Start of THE DATA

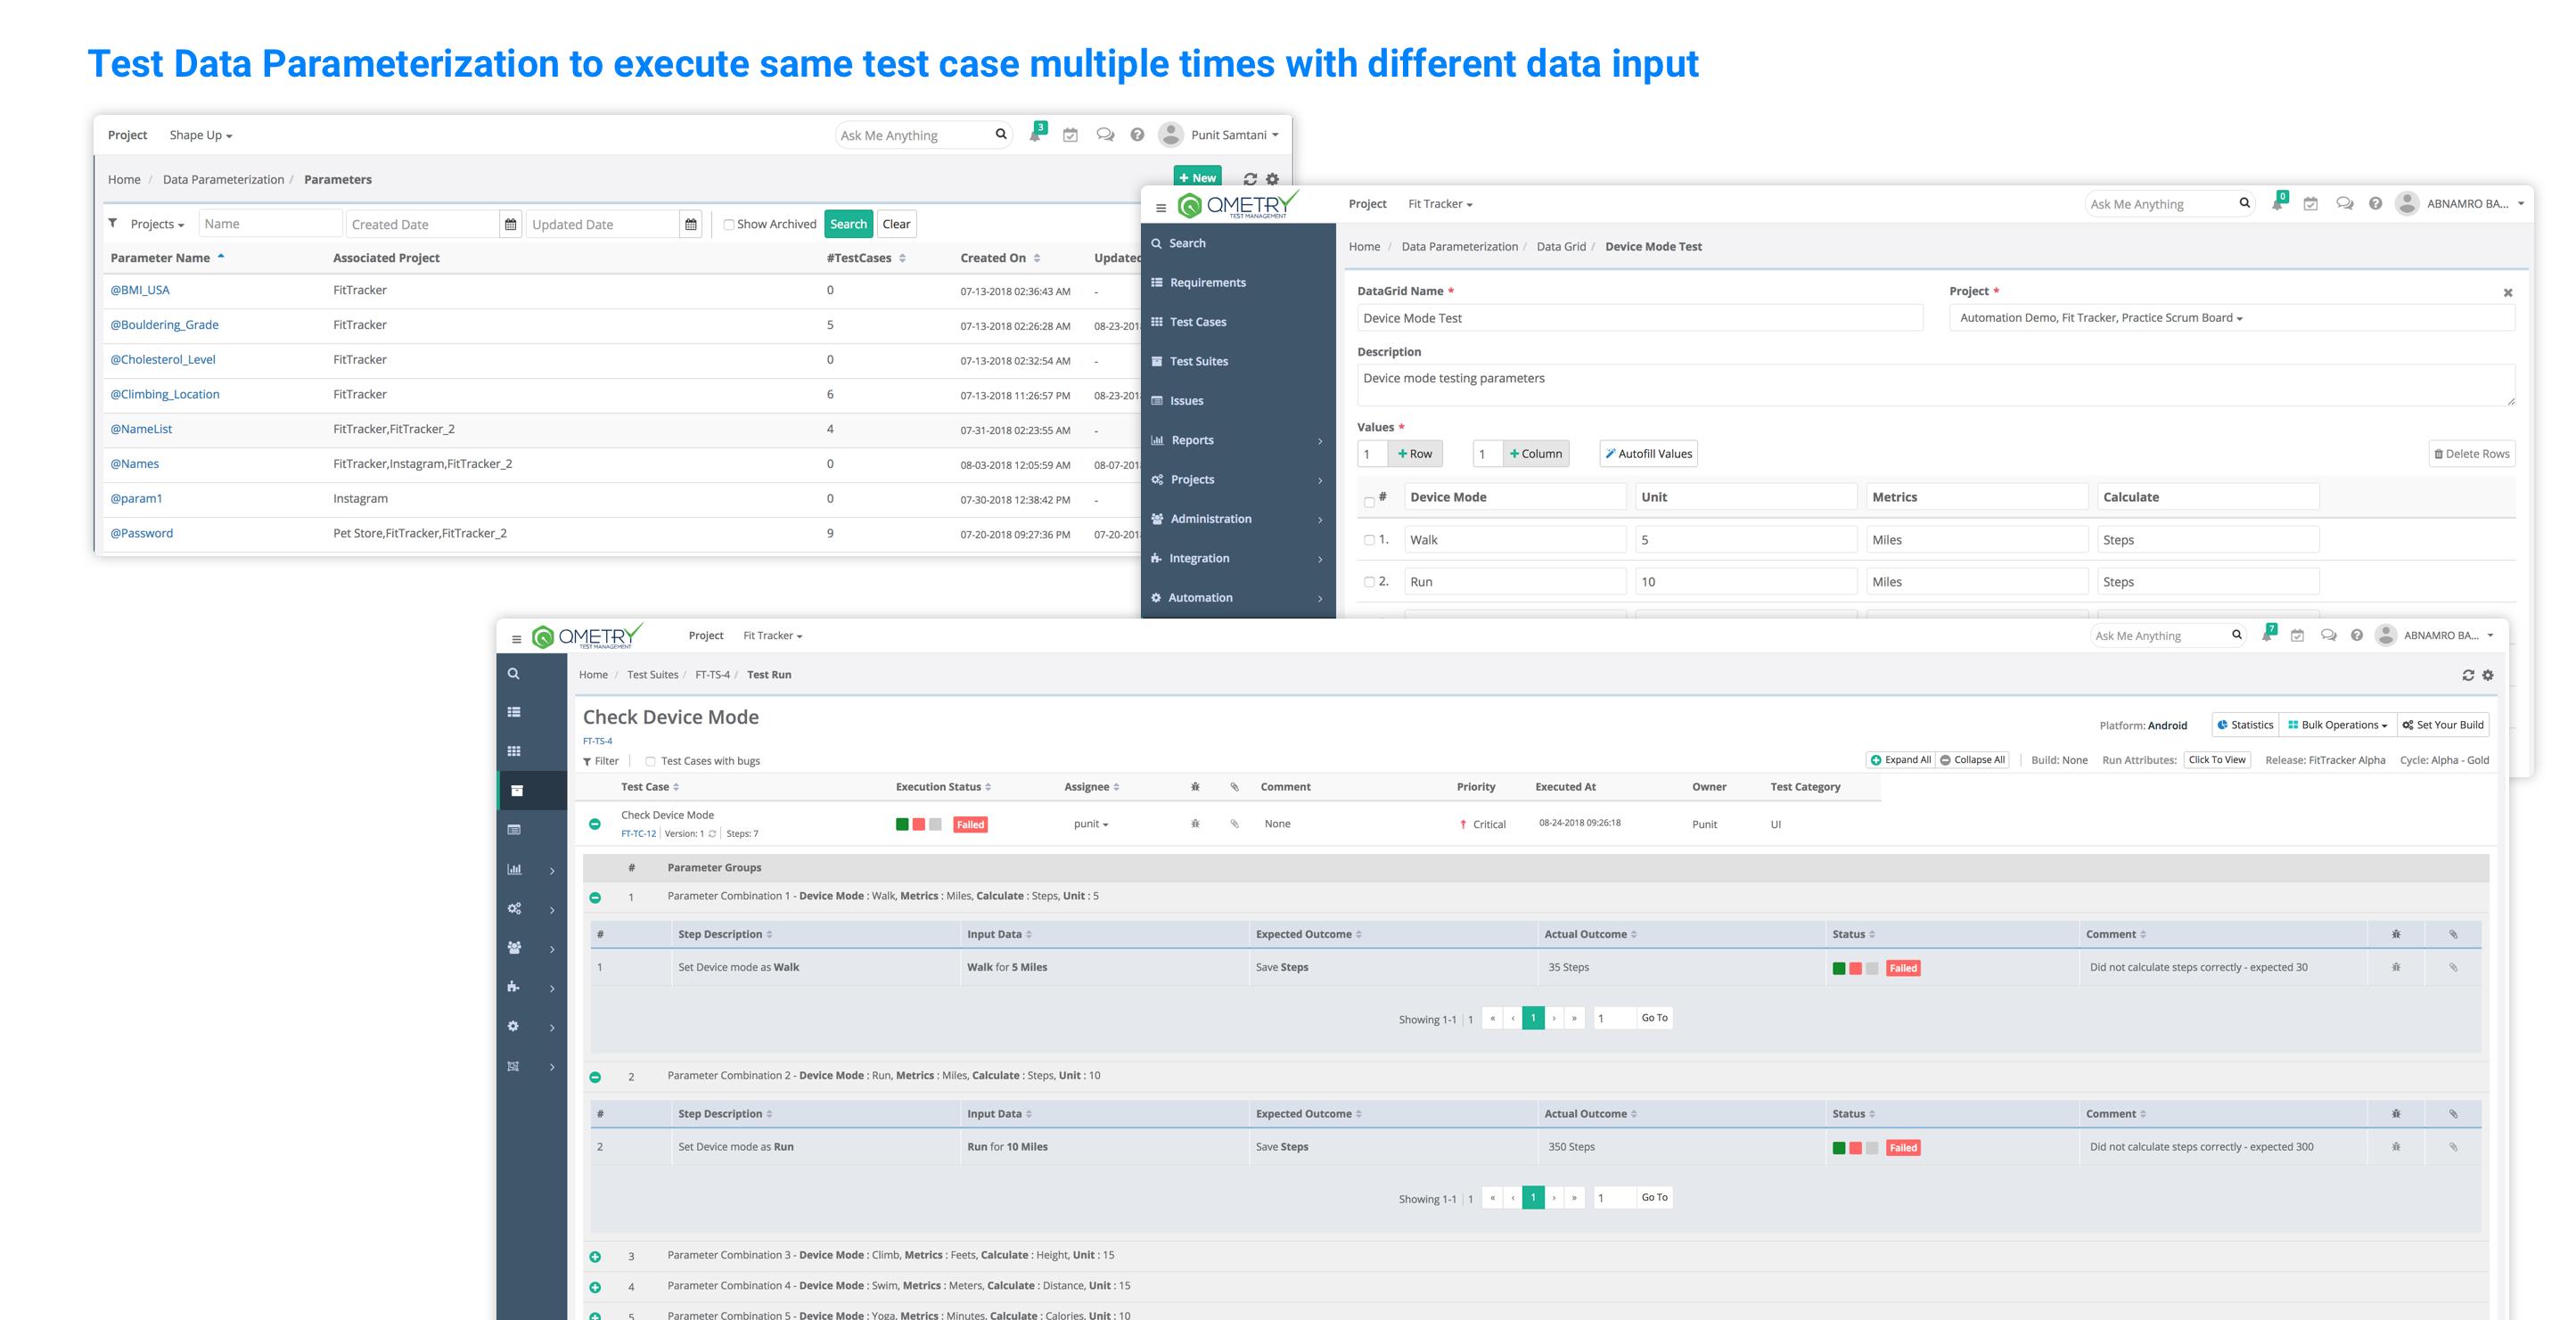 QMetry Test Management Demo - Test Data Parameterization
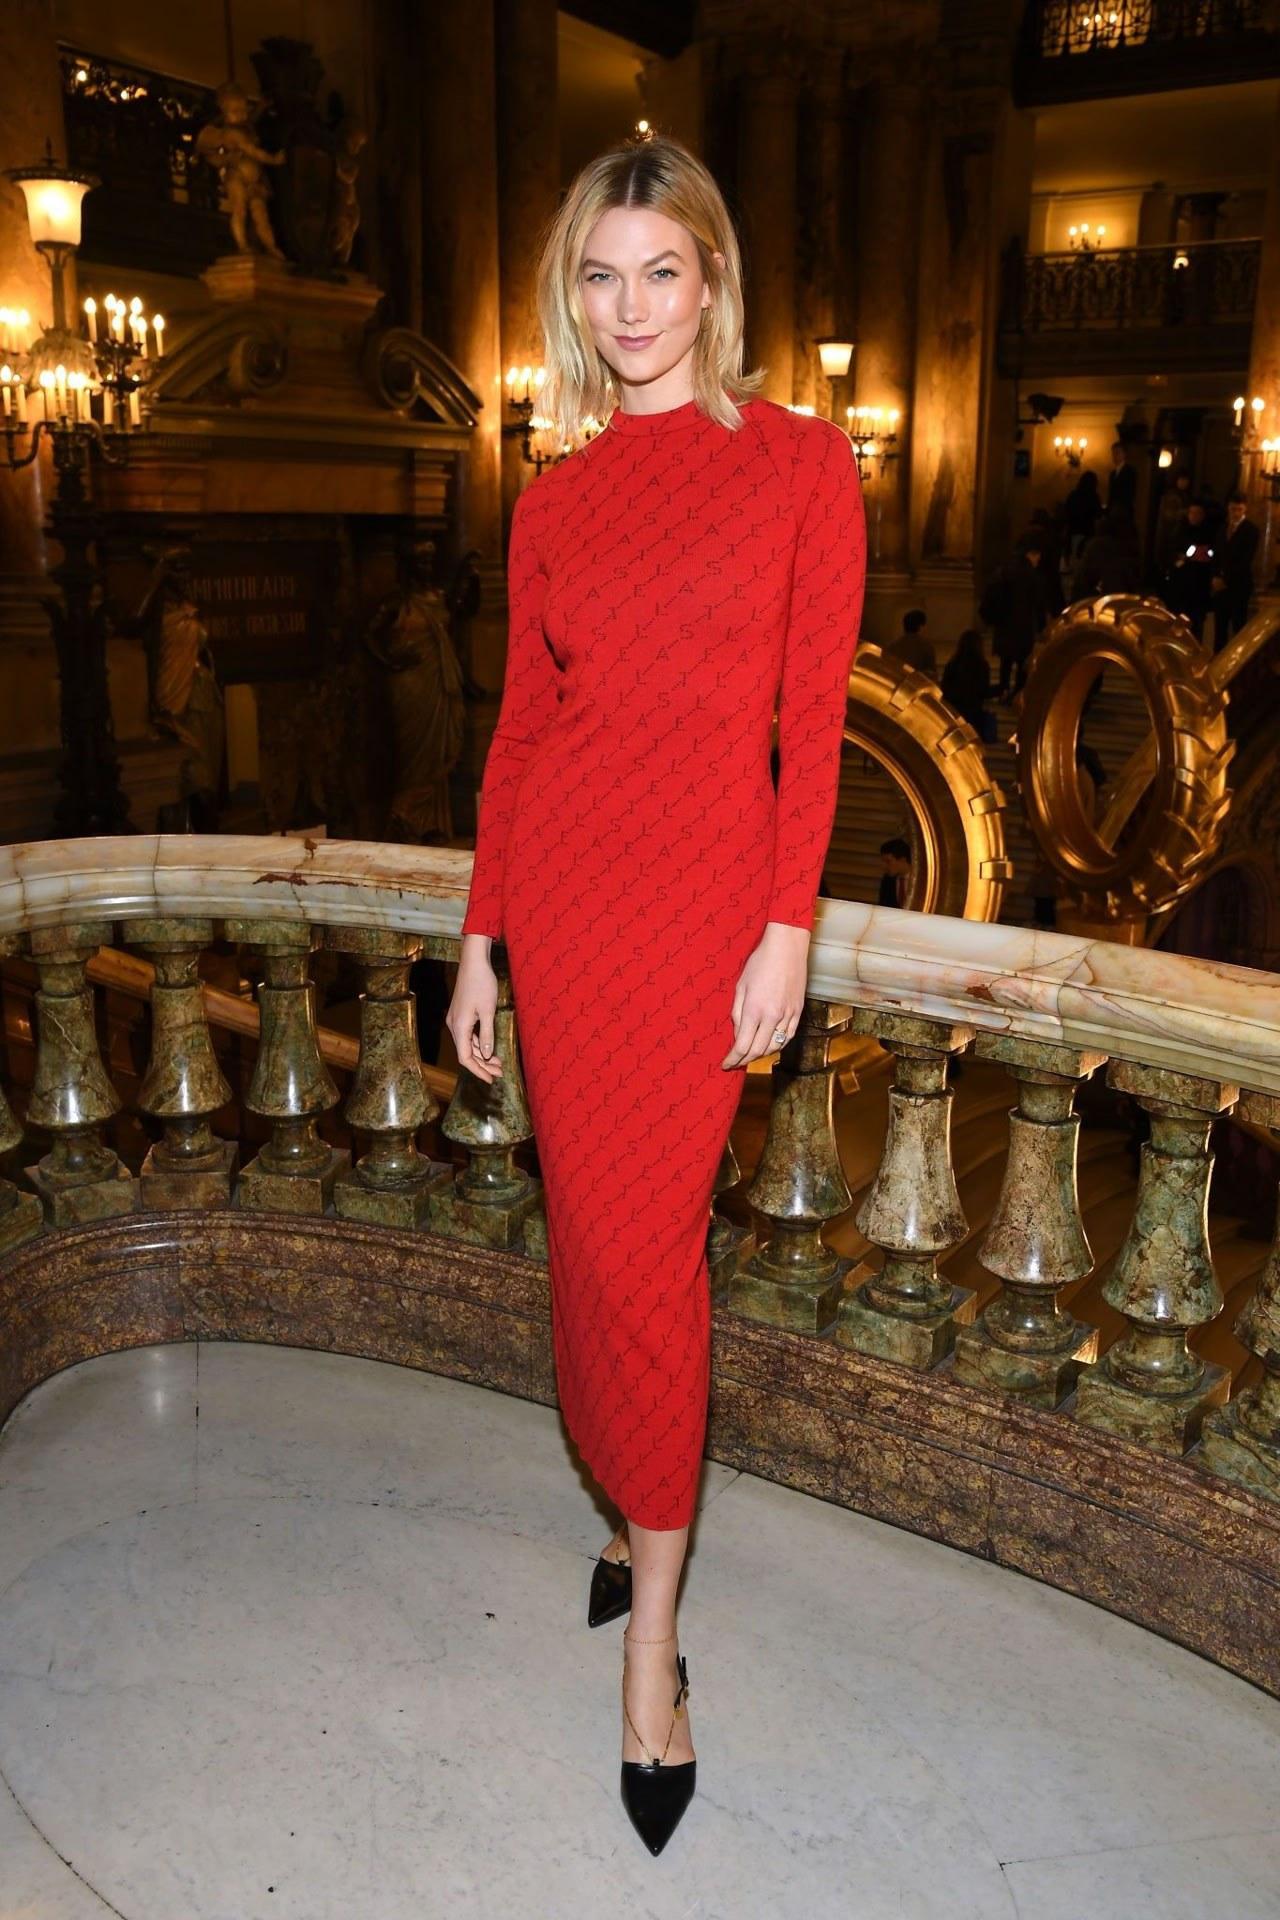 dress karlie kloss model off-duty midi dress red dress pumps red celebrity
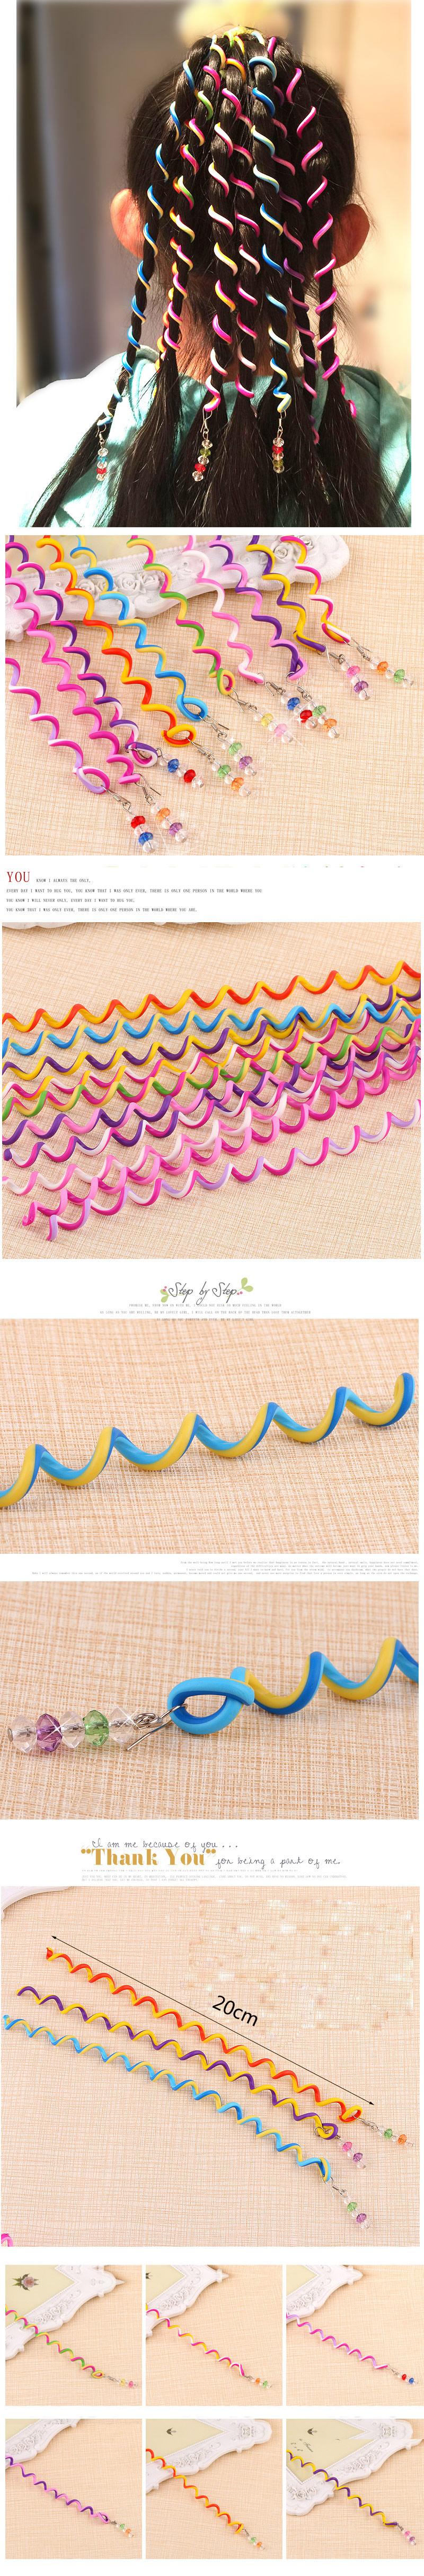 Candy-colored Princess Korean Spiral Hair Weaving Device Rainbow Hair Accessories Headdress Beaded Curly Hair Stick NHSC201770
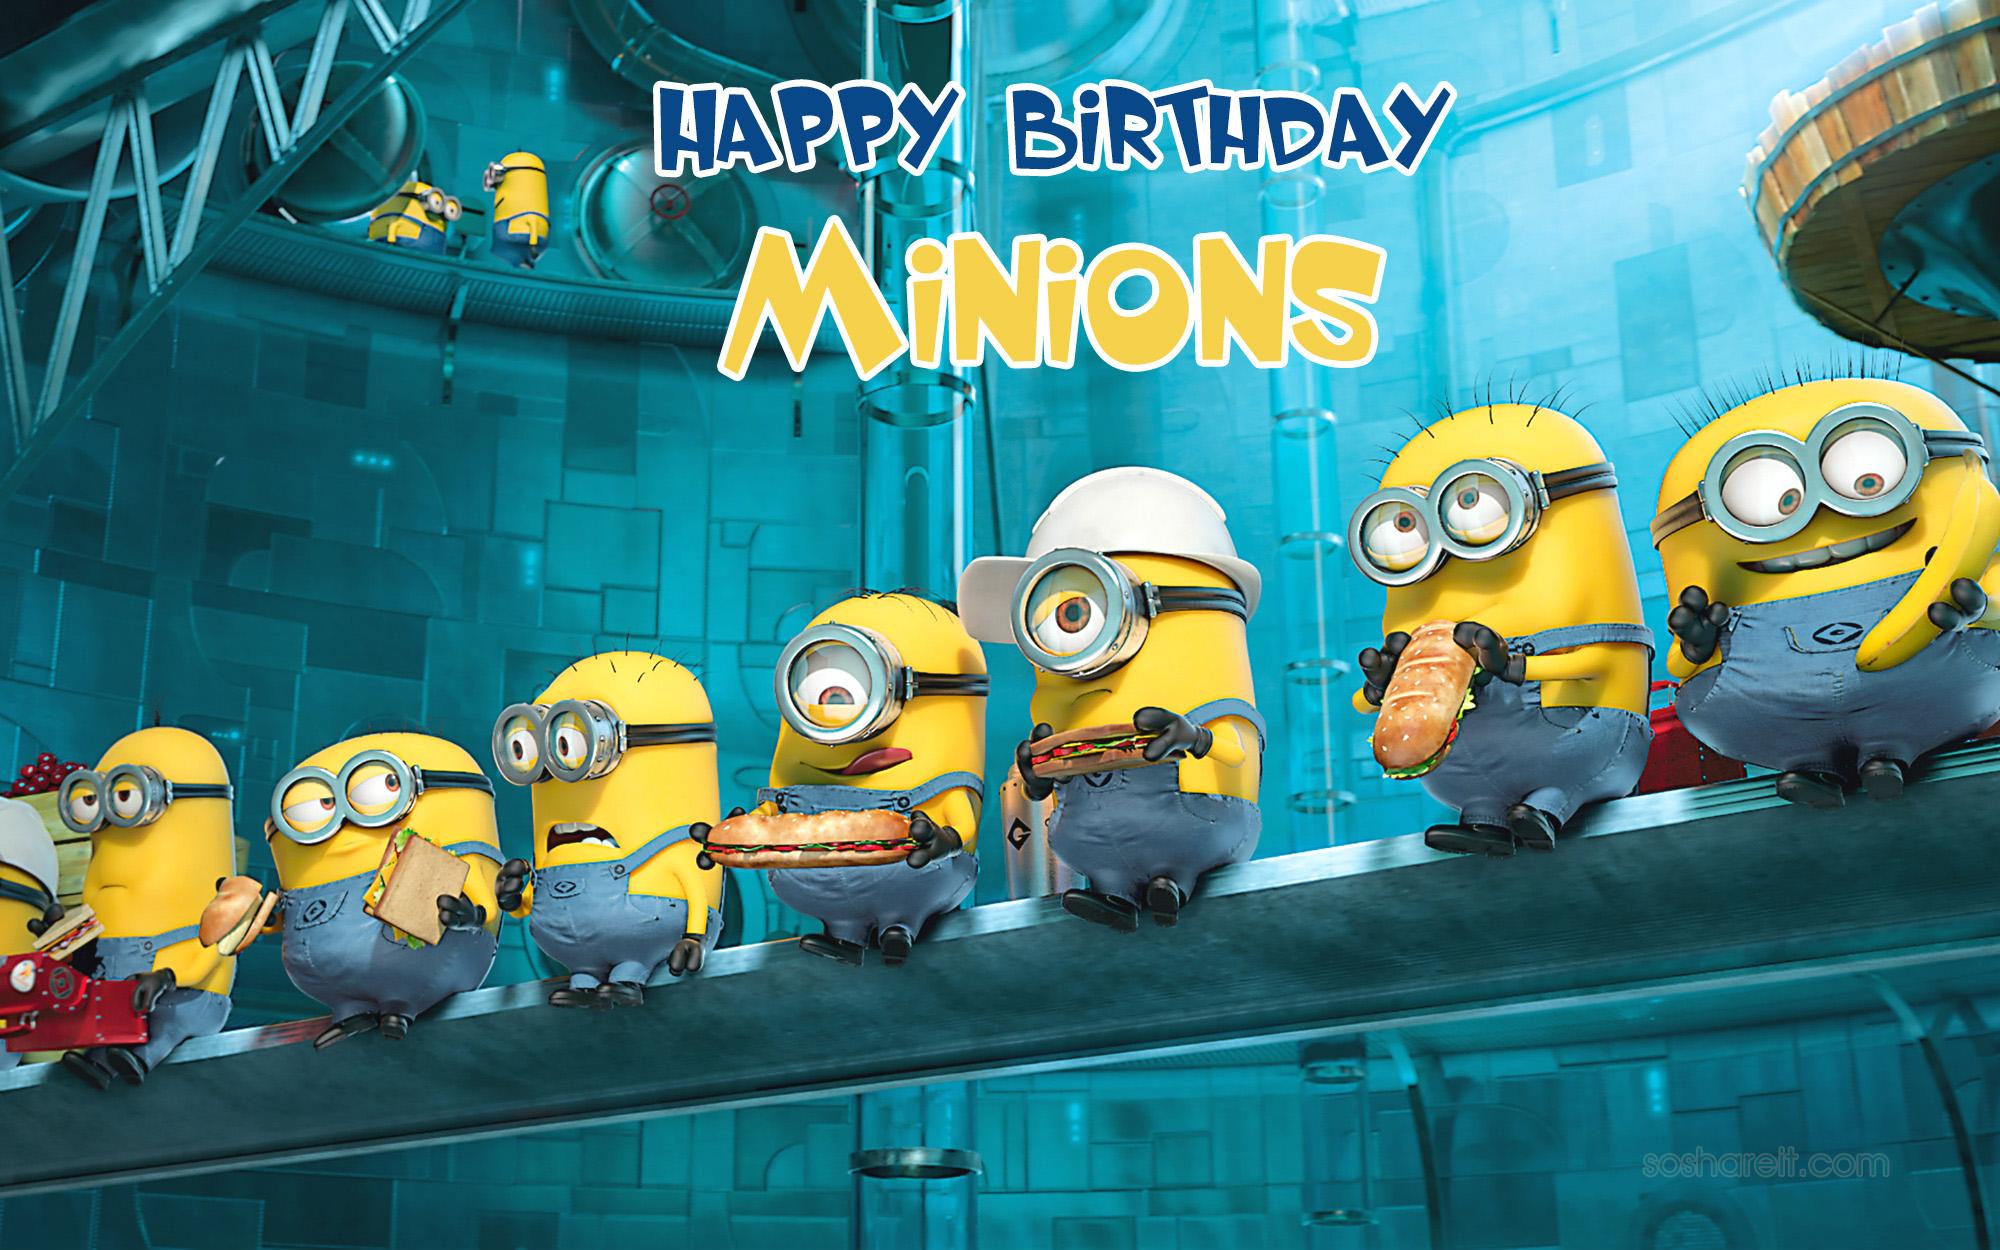 happy birthday minions wishes

End of THE DATA

* _TASK DESCRIPTION_:
Your task is to retype exactly the lines that run from the line with "dress karlie kloss" through the last line of the material, with the pictures left out.

* _TASK ANSWER_:
 dress karlie kloss model off-duty midi dress red dress pumps red celebrity
 Candy-colored Princess Korean Spiral Hair Weaving Device Rainbow Hair Accessories Headdress Beaded Curly Hair Stick NHSC201770
 happy birthday minions wishes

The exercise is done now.